Описанная процедура приготовления препаратов в основном сходна как для светового, так и для электронного микроскопов, хотя существуют некоторые различия в деталях (они отмечены в табл. П.2.3).

Таблица П.2.3. Различия в подготовке материалов для светового и электронного микроскопов

П.2.4.3. Временные препараты

П.2.4.3. Временные препараты

Временные препараты для светового микроскопа в отличие от постоянных можно сделать сравнительно быстро. Они готовятся для проведения быстрых предварительных исследований. Для этого материал фиксируют, окрашивают и заключают в среду. Срезы можно приготовить до фиксации или мацерации (древесину, например, мацерируют). Срез свежего материала можно сделать вручную с помощью бритвы непосредственно в 70% спирте, который служит фиксатором. Для окрашивания и заключения можно использовать ряд временных красителей; некоторые из них, пригодные для окрашивания растительного материала, приведены в табл. П.2.2. Каждый срез следует помещать на чистое предметное стекло (предварительно протертое спиртом) и капнуть несколько капель красителя. При окрашивании флороглюцинолом добавляется также одна капля концентрированной соляной кислоты. Затем препарат покрывают тонким покровным стеклом, чтобы предотвратить попадание воздуха и пыли и предохранить от загрязнения объектив большого увеличения (рис. П.2.4). Если образец начнет подсыхать или если заранее известно, что потребуется длительное изучение (более 10 мин), то после окрашивания препарат следует заключить в глицерин.

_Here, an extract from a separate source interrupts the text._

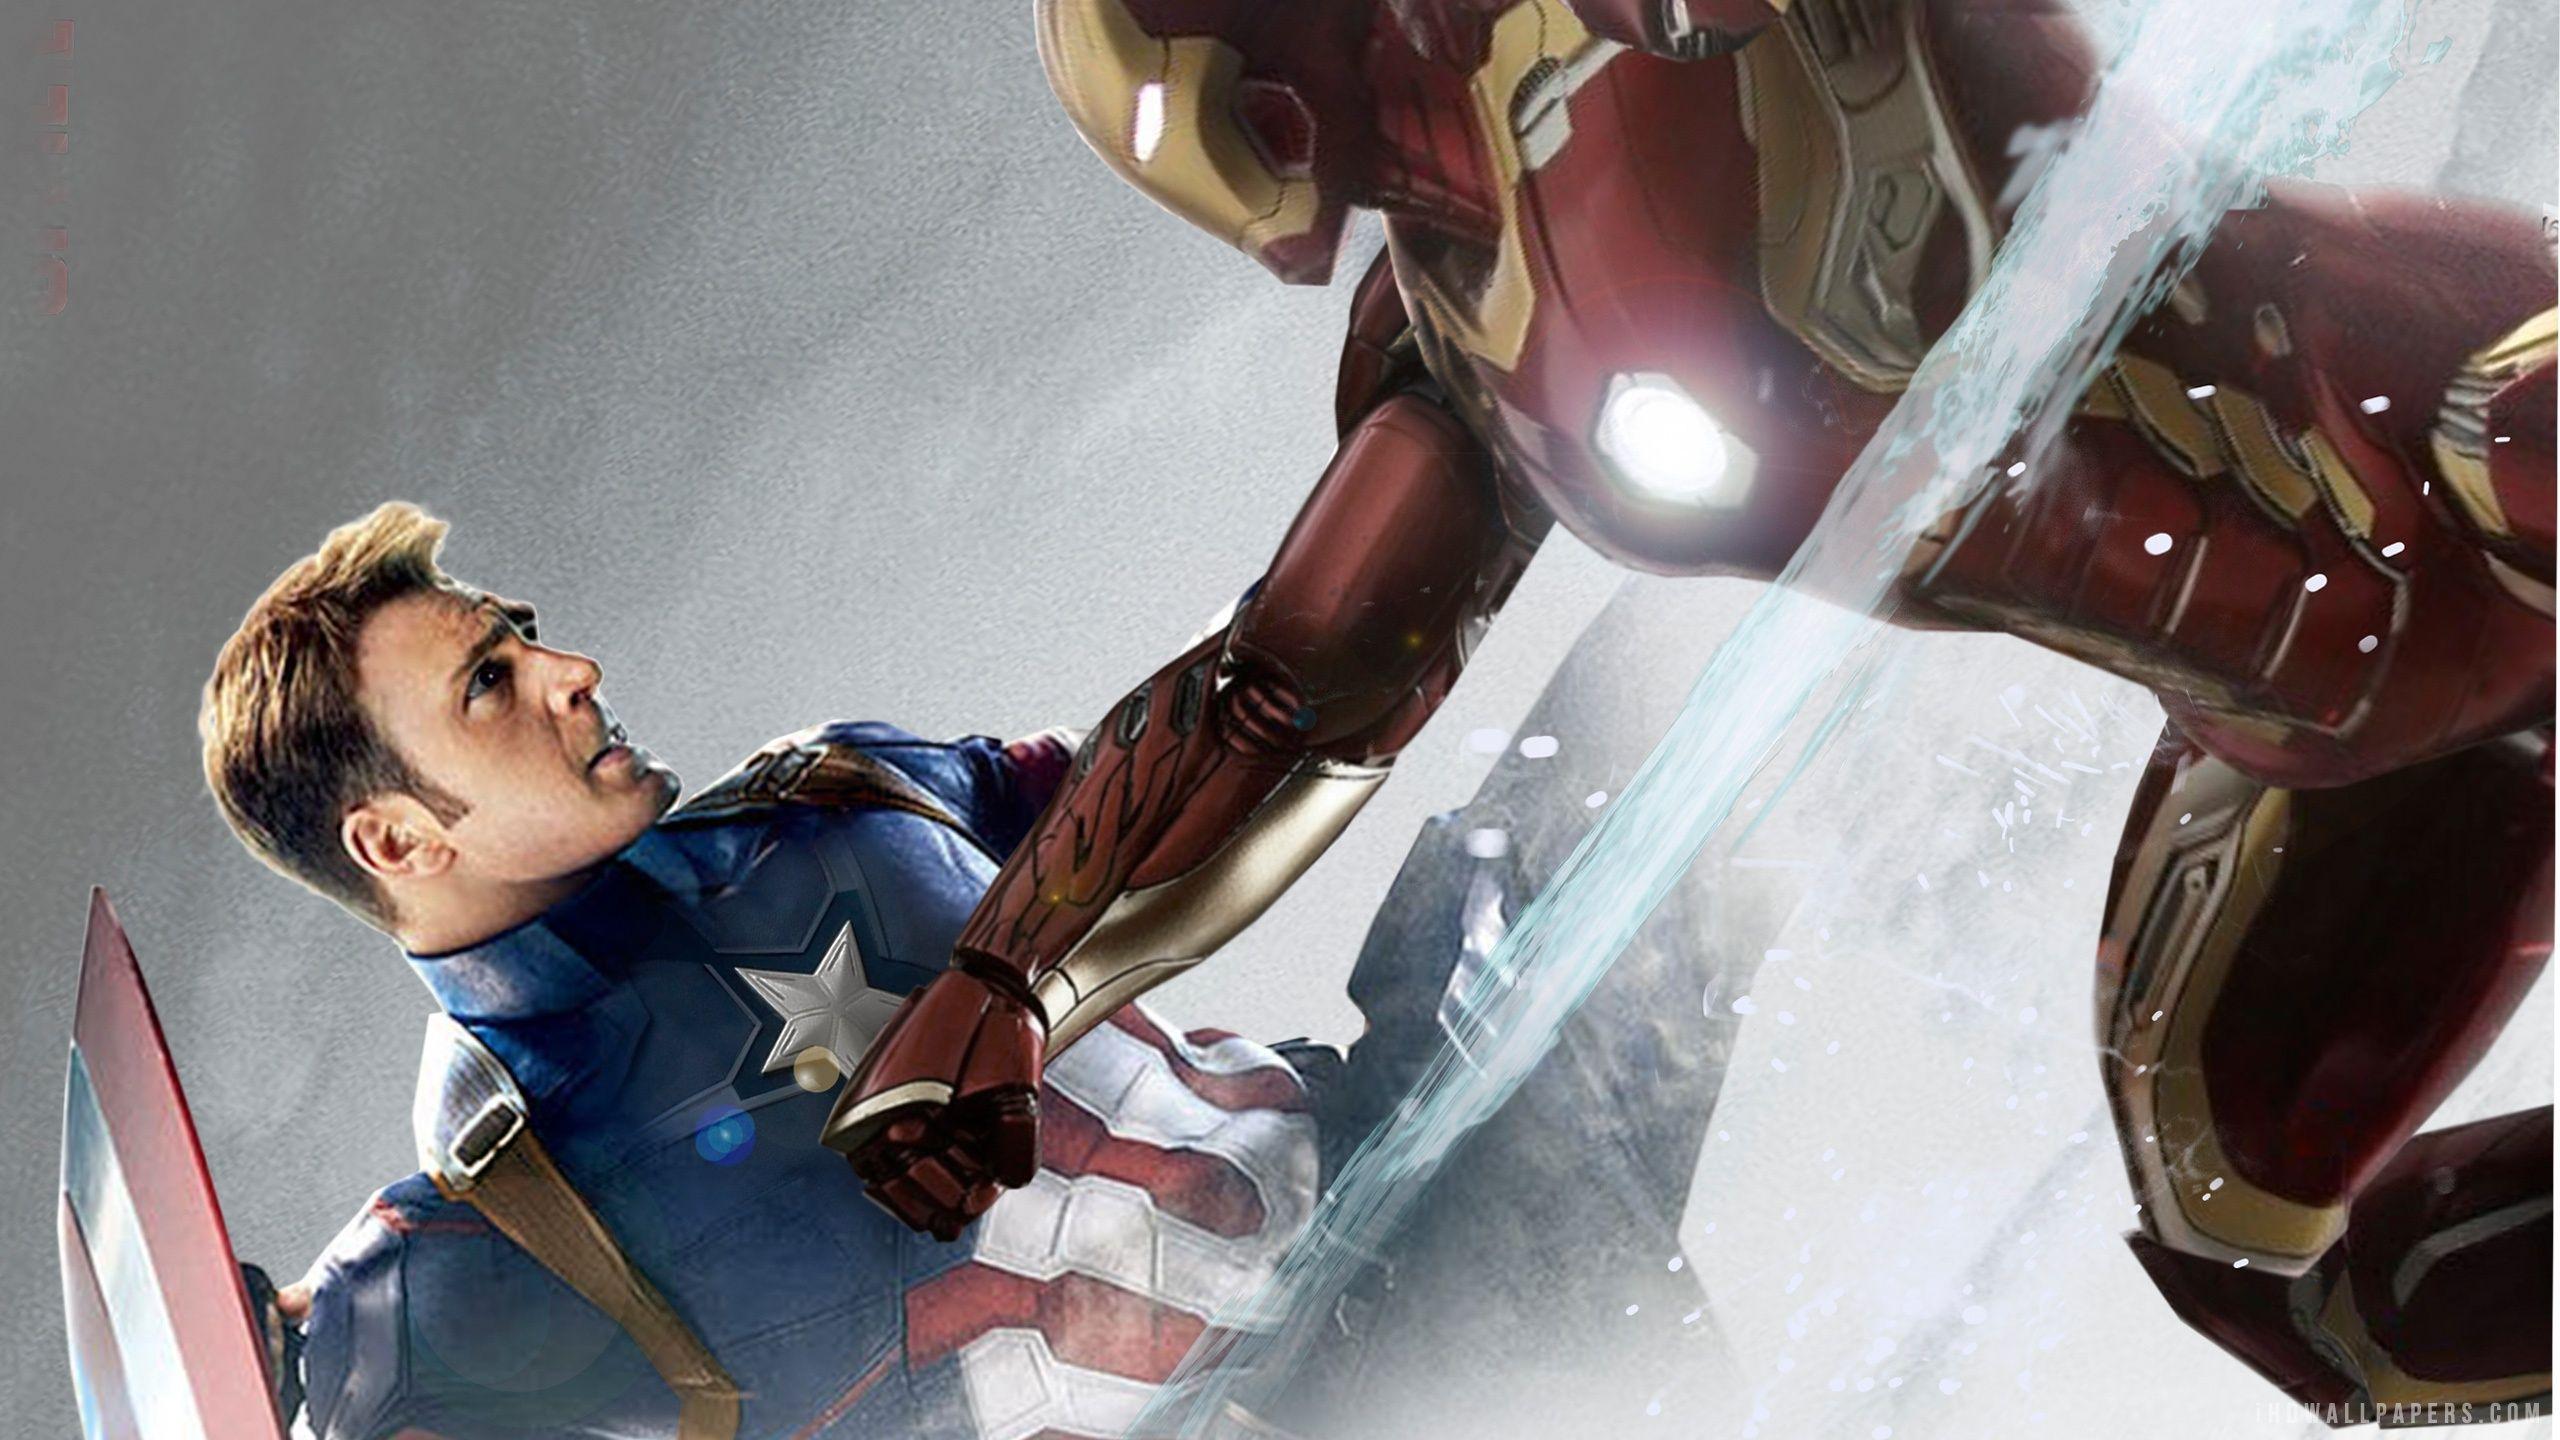 Captain America Vs Iron Man wallpaper. movies and tv series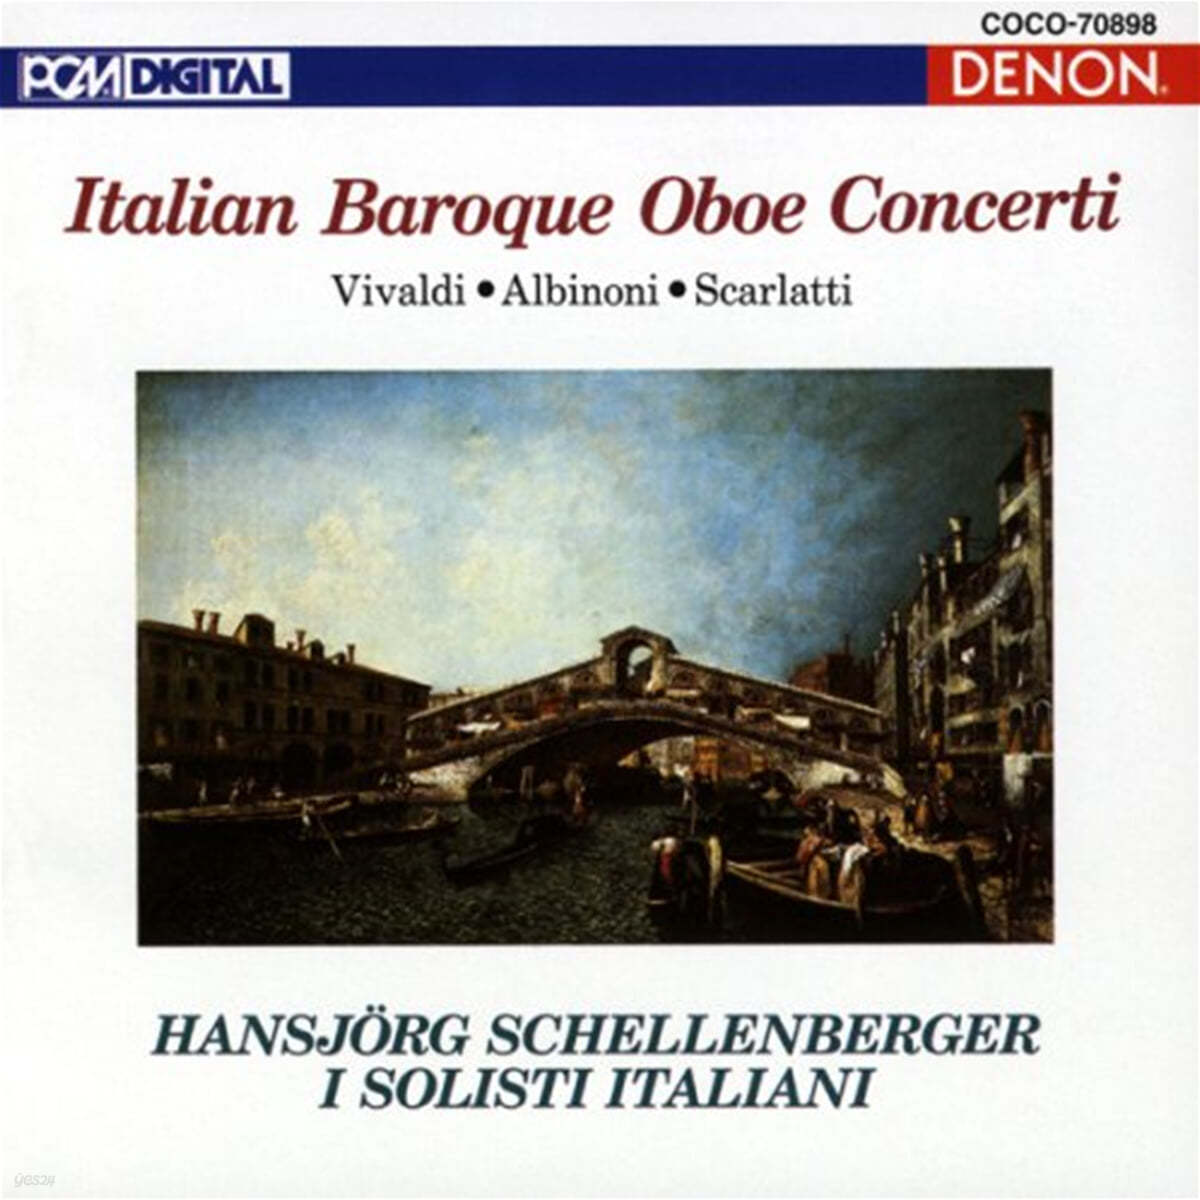 Hansjorg Schellenberger 이탈리안 바로크 오보에 협주곡 2집 - 알비노니 / 비발디 / 스카를라티 (Italian Baroque Oboe Concerti 2 - Albinoni / Vivaldi / Scarlatti)

Рис. П.2.4. Заключение образца и наложение покровного стекла на предметное

П.2.5. Электронный микроскоп

П.2.5. Электронный микроскоп

Разрешающая способность светового микроскопа ограничена длиной световых волн. Максимально возможное разрешение равно половине длины волны используемого света. Получить изображение объекта размером меньше, чем эта величина, невозможно. Средняя длина волны видимого света составляет примерно 550 нм, поэтому в конце XIX в. могли получить разрешение примерно в 200 нм. Незначительное увеличение разрешающей способности было достигнуто благодаря использованию специально сконструированного микроскопа с ультрафиолетовым светом (длина волны которого составляет 250 нм), обеспечивающим разрешение примерно в 100 нм. Однако многие клеточные структуры имеют меньший размер. Эта проблема была решена в тридцатые — сороковые годы, когда создание электронного микроскопа произвело революцию в биологической науке. Вместо светового излучения в электронном микроскопе используют пучок электронов, у которых длина волны значительно меньше и, следовательно, с намного большей разрешающей способностью. Длина волны электронов зависит от напряжения, подаваемого для генерации электронного пучка, но практически можно получить разрешение приблизительно в 0,5 нм, т. е. примерно в 500 раз больше, чем в световом микроскопе. Создаваемое увеличение достаточно, чтобы различить крупные молекулы. Лимитирующим фактором в достижении большего увеличения стало (и остается до сих пор) не усиление разрешающей способности микроскопа, а методы подготовки материала для исследования.